▶ _GOAL OF THE EXERCISE_
The reply should hold only the lines below beginning at the one with "Louis Vuitton Messenger" and ending at the one with "f2acc33c3f96f Womens Handbags Online", copied exactly, with every picture left out.

▶ _DATA LISTING_
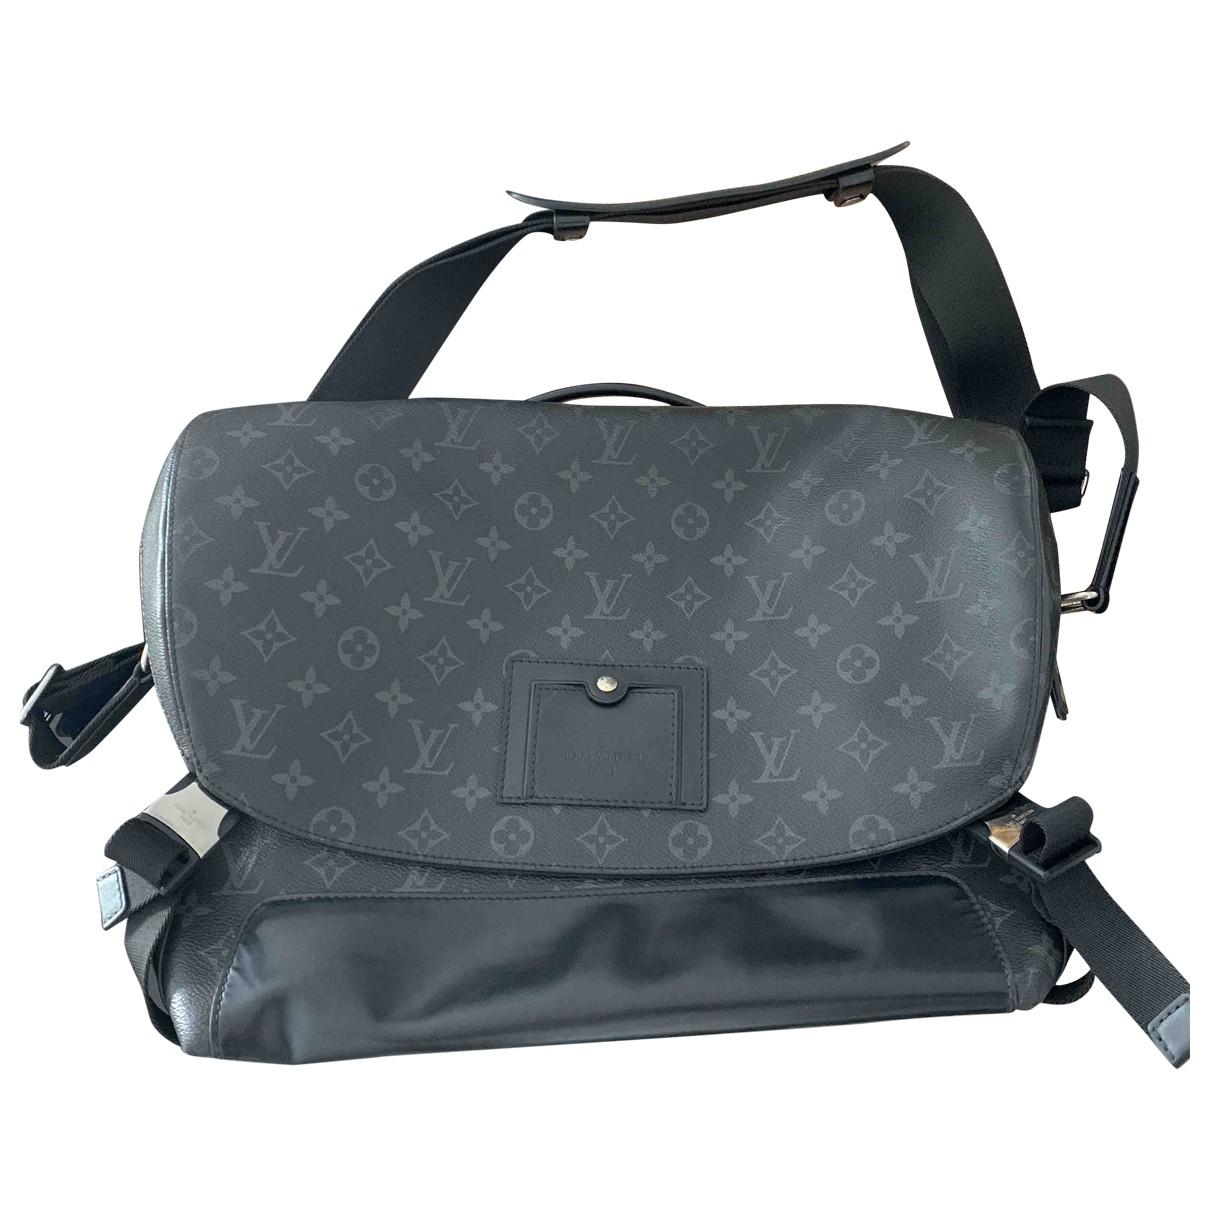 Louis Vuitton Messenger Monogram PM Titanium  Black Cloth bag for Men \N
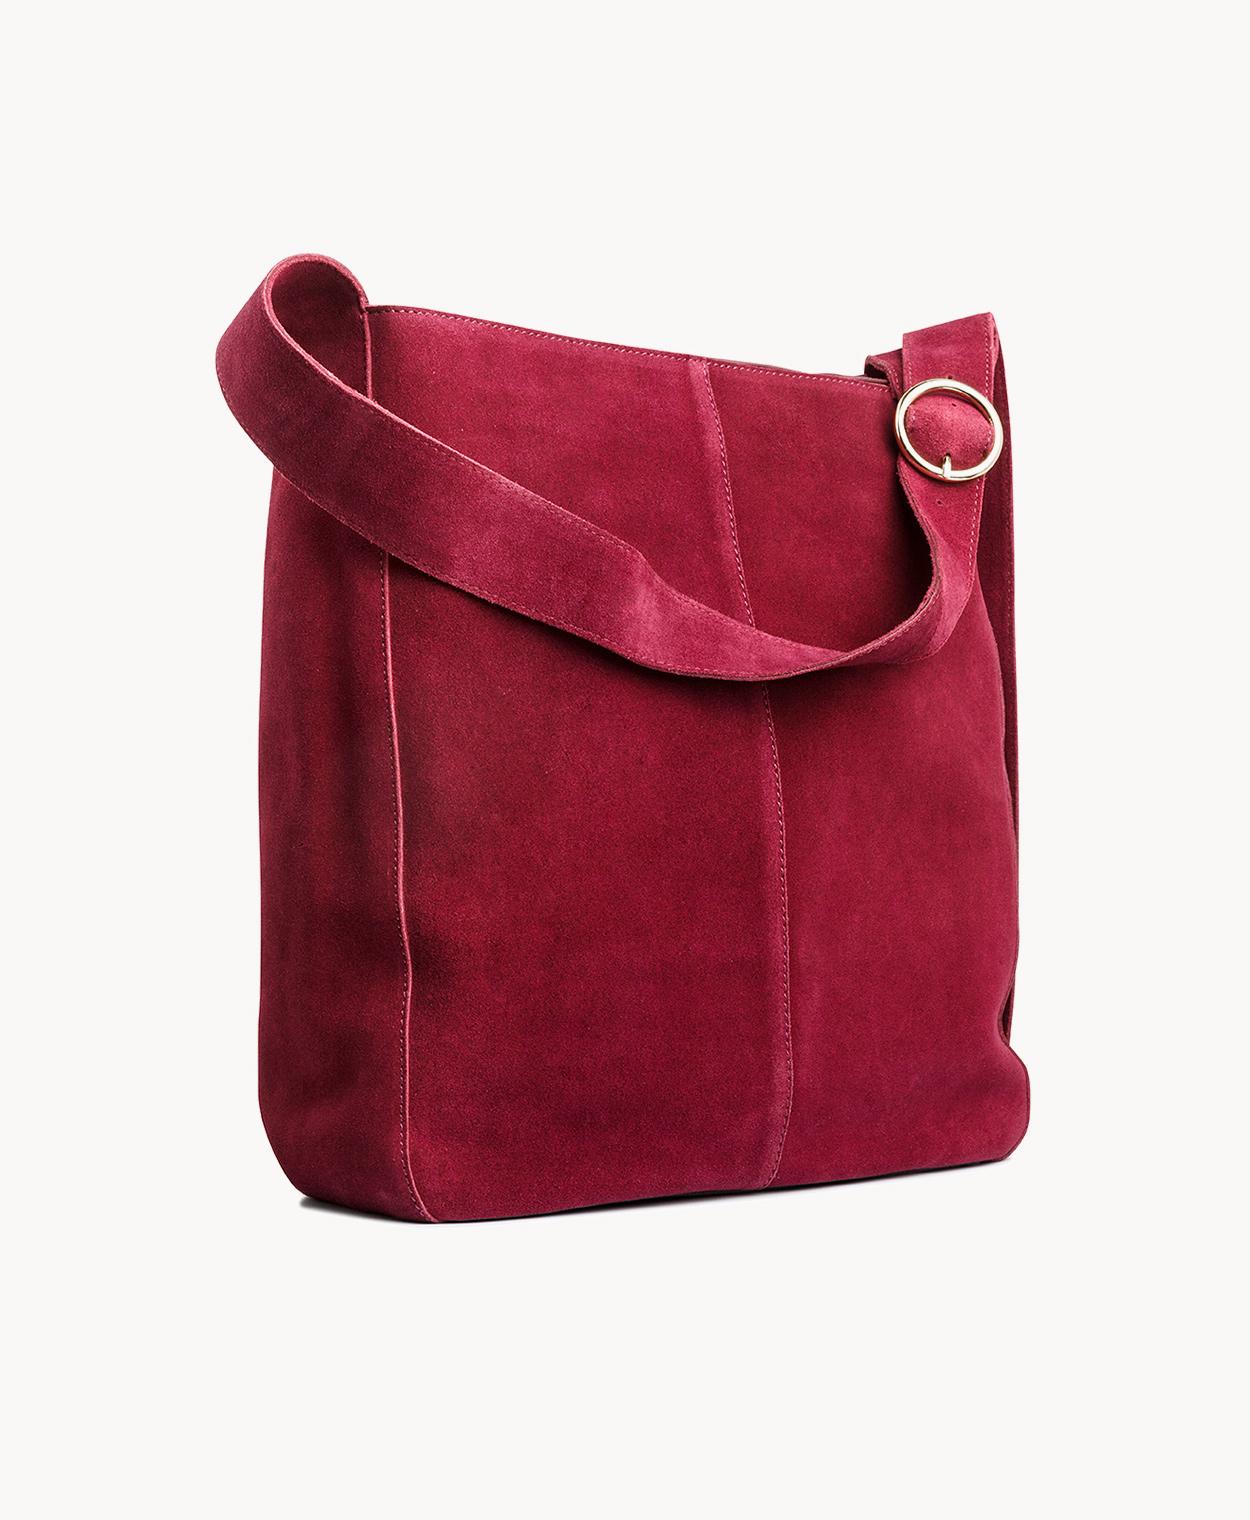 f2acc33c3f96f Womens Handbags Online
---
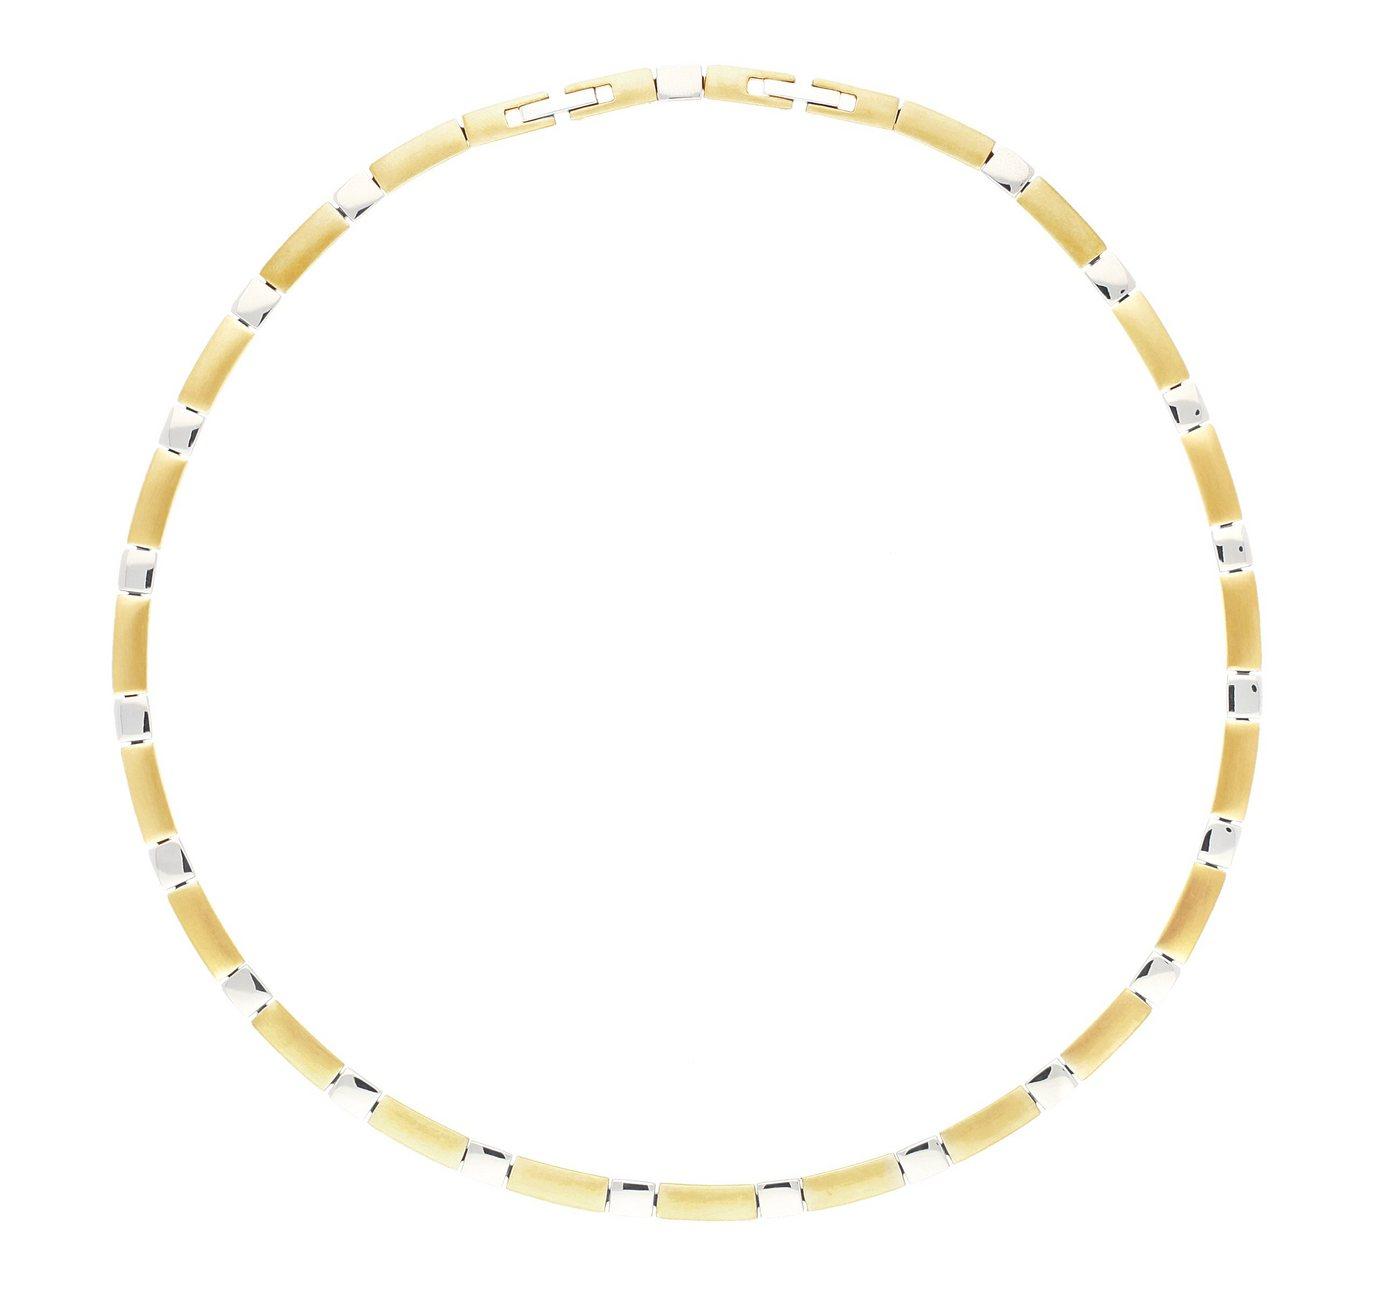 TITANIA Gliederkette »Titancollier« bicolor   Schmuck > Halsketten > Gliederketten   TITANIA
==
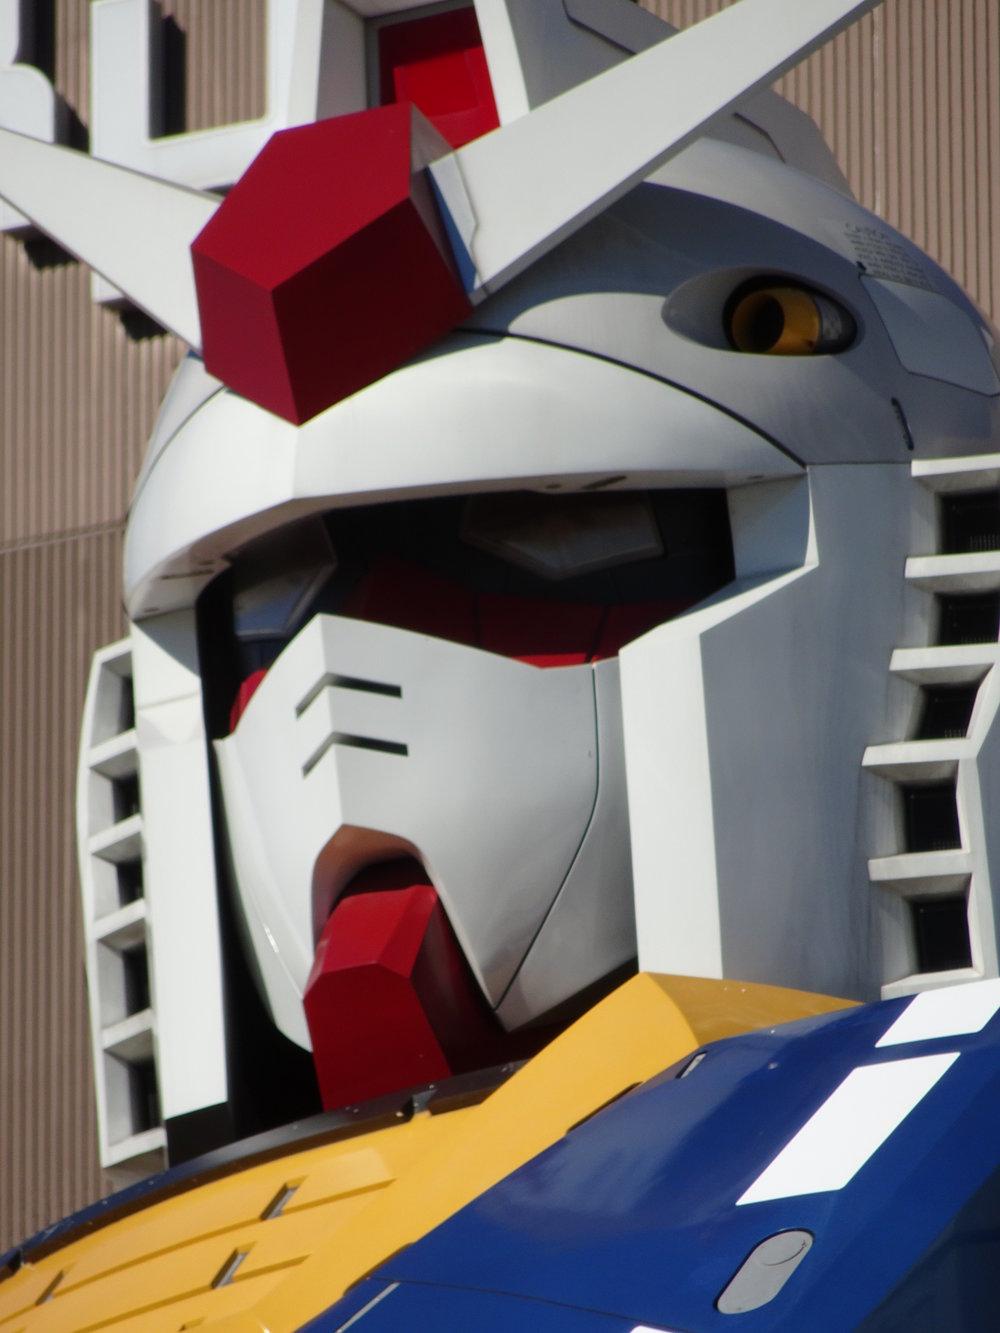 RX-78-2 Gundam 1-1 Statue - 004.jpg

▶ _ANSWER FOR THIS EXERCISE_
 Louis Vuitton Messenger Monogram PM Titanium  Black Cloth bag for Men \N
 f2acc33c3f96f Womens Handbags Online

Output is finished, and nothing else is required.